1. Мойка машин, с изображением рыбы - намек на эпоху Водолея, т.е. христианство.





2. Реклама детского сада - лотосные стопы Кришны.

----------


## Raja Kumari dasi

> А потом жалею, редактирую... учиться, учиться, и еще раз учиться


Я тоже редактирую, это правильно, контроль речи  :smilies: 
И с визуальными образами надо аккуратно, вы правильно понимаете.  




> с изображением рыбы - намек на эпоху Водолея, т.е. христианство.

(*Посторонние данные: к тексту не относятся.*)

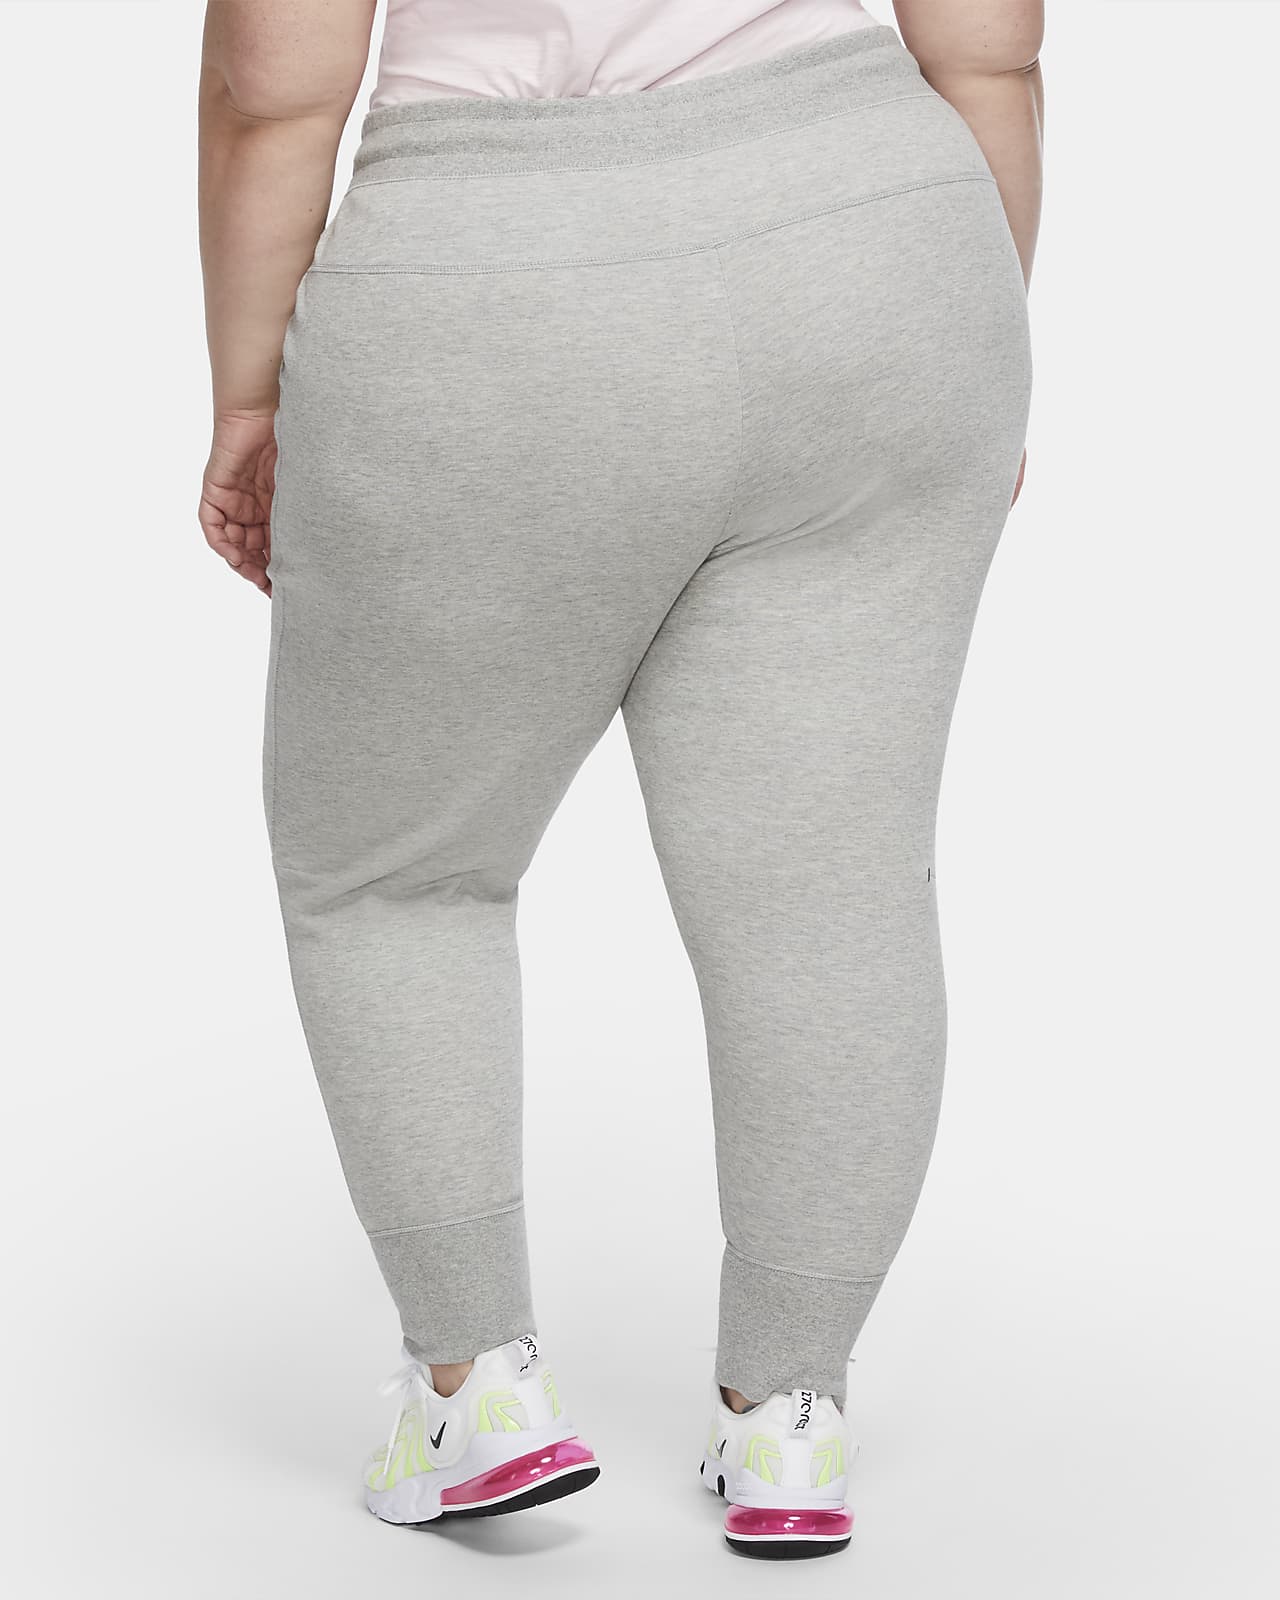 Werkwijze staart Wens Nike Sportswear Tech Fleece Women's Trousers (Plus Size). Nike LU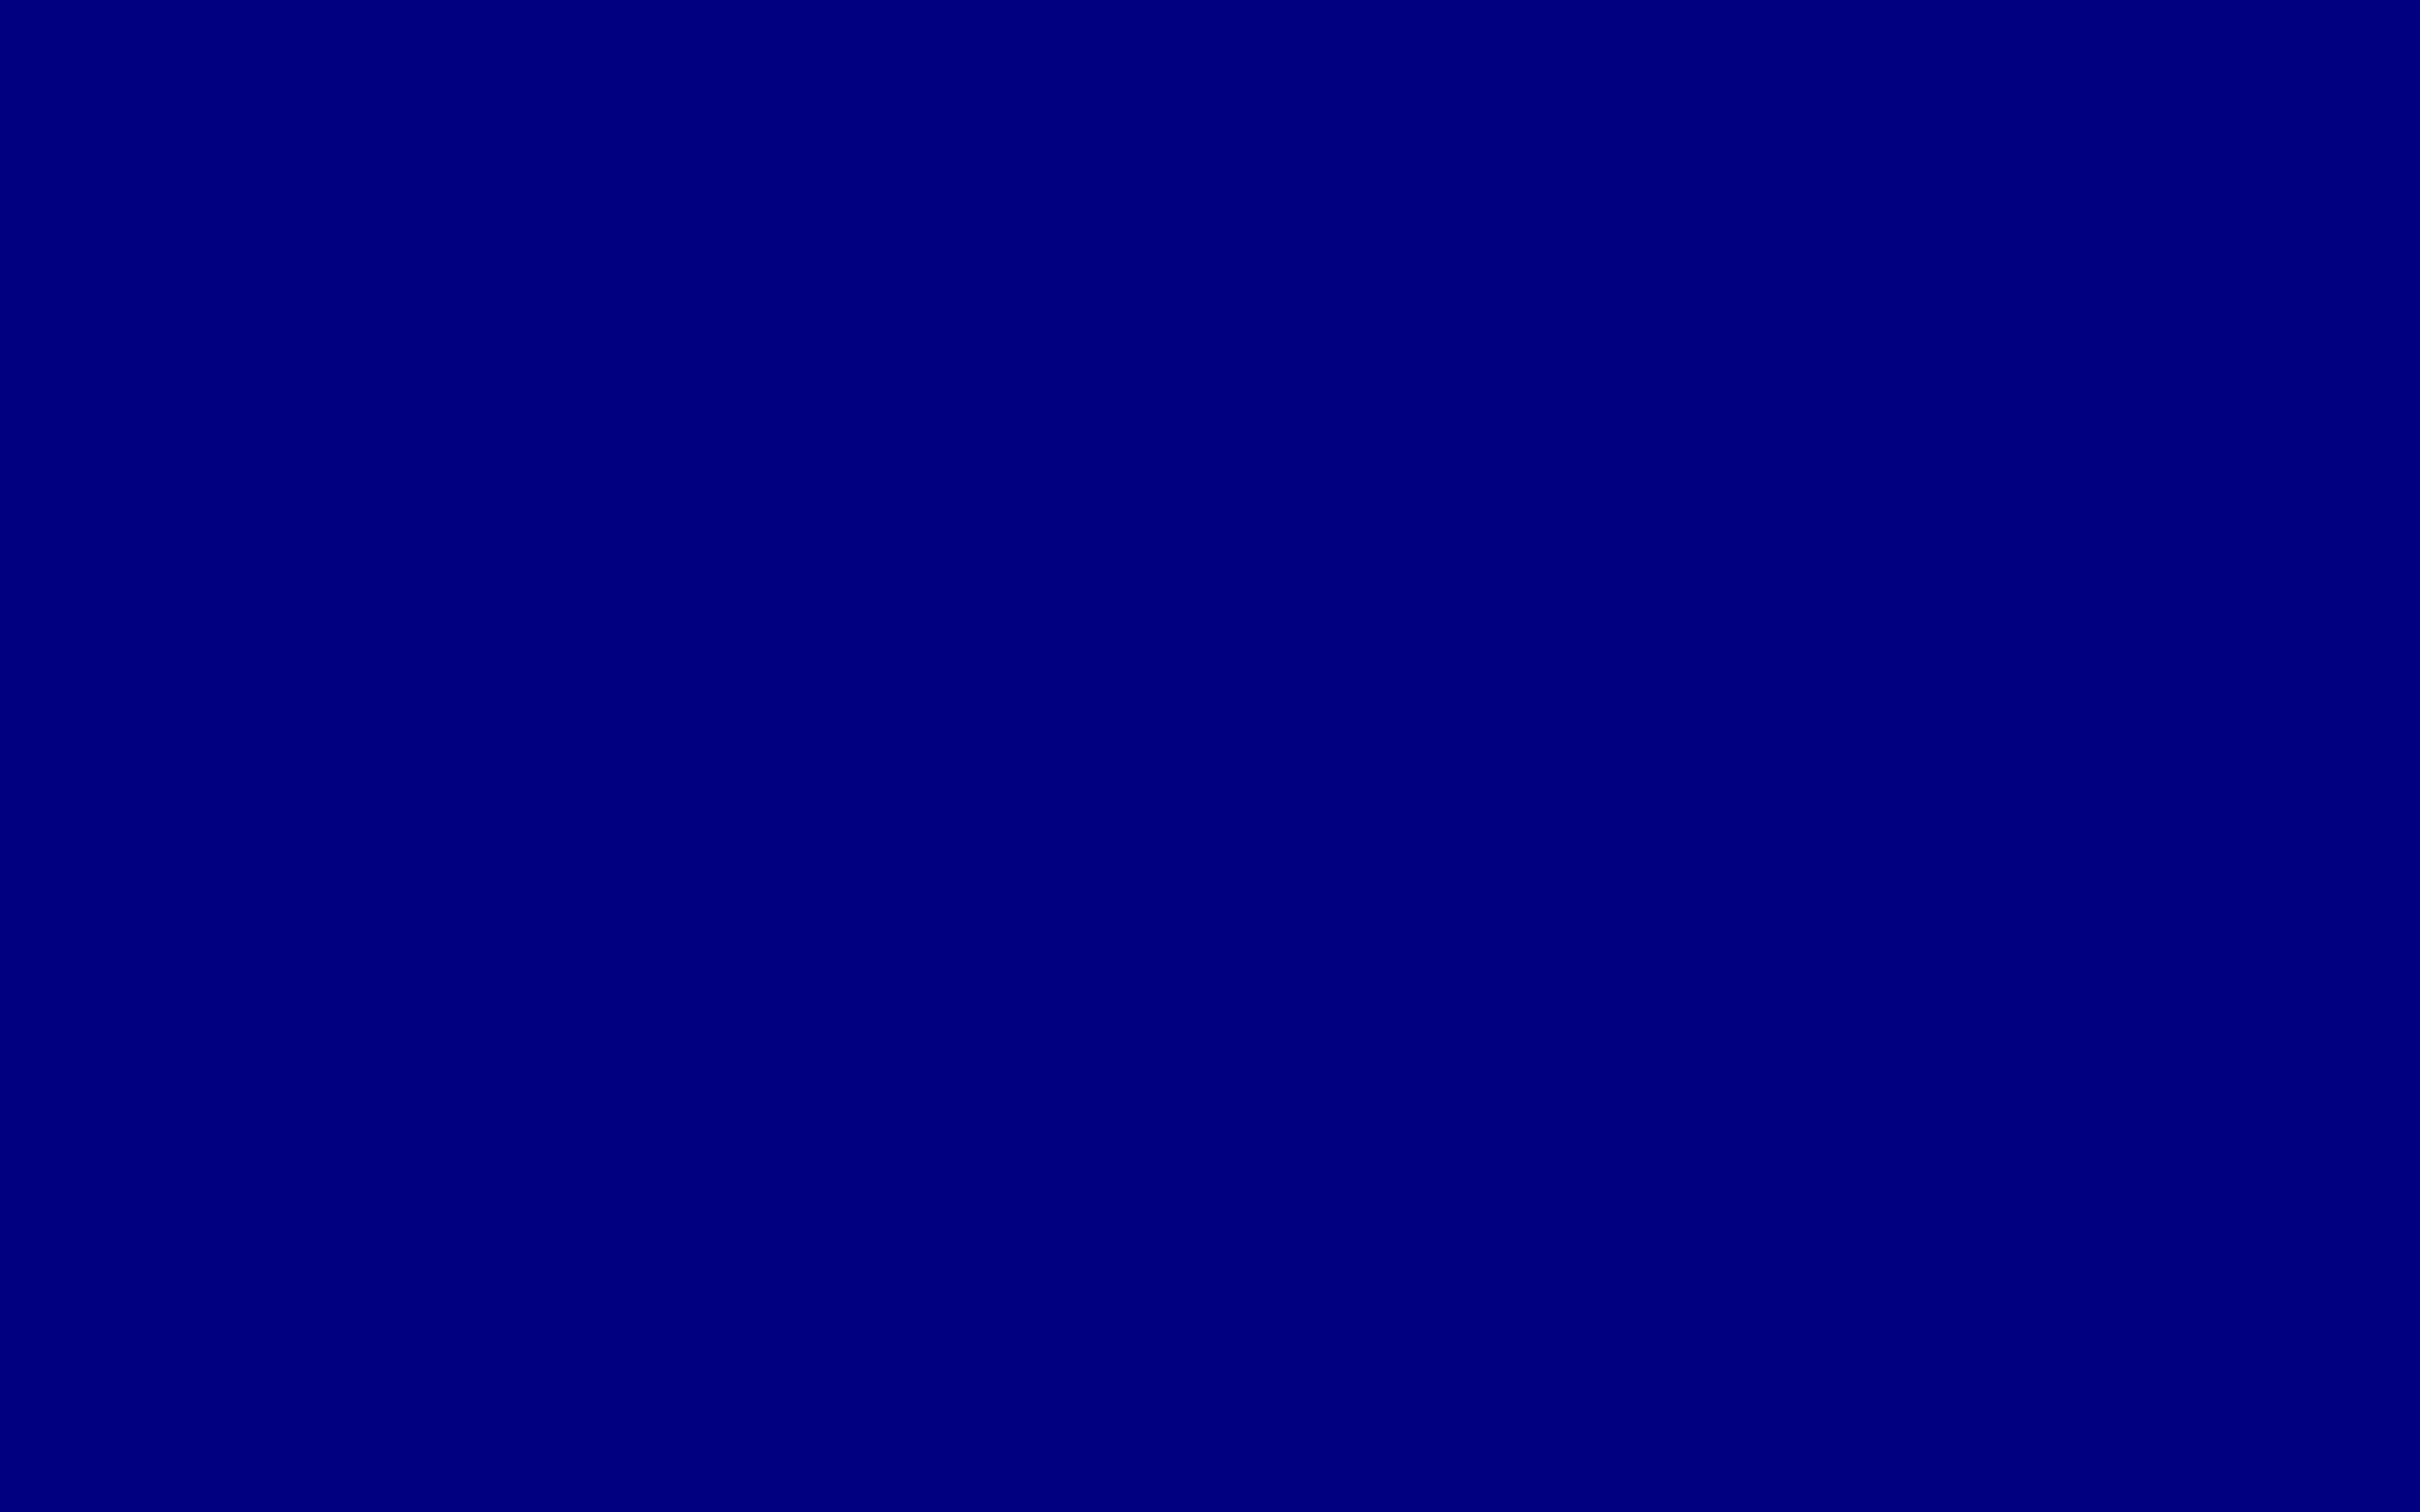 Navy Blue Wallpaper Widescreen HD

Надо же, вот люди... не просто так ходят на работу )) 




> лотосные стопы Кришны.


Ок )

----------


## Raja Kumari dasi

*Одна "безобидная" идея* 

Реализована российскими рекламщиками в конце 2019. 
Я увидела ее в нашем городе на остановке где-то в ноябре. 
Интересно, а во время пандемии ее еще где-то продолжают использовать? 
Или уже не смешно?

----------


## Сергей Х.

*Биоразлагаемые изделия из бумаги с семенами.*


Выпил кофе - посади семечко: новые технологии от производителей экопосуды.fb

Биоразлагаемые сигаретные фильтры с семенами деревьев.nlo-mir

Живая бумага: как из открыток получаются цветы.gorod-plus

----------


## Raja Kumari dasi

Открытка - подарок, и цветы - подарок. Это хорошая идея.  
Правда, опять-таки, это все баловство для рафинированных горожан, "ой цветочки"... но по крайней мере, разработчики понимают про "маркеры экологии" - это уже неплохо. 

А вот предлагать смолить или нагревать семена (чьи-то тела) ради возвышения сознания 
безразличных и к своему-то здоровью курильщиков и кофеманов - это полнейшая бессмыслица )

----------


## Сергей Х.

Использование данных изделий из бумаги демонстрируют как можно использовать один и тот же продукт - семенную бумагу. Конечно результат в данных вариантах проявится по своему. Быть может, и выкинутый мимо урны проросший фильтр заставит кого-то задуматься об экологии.

Теперь карандаш действительно можно "посеять"...

----------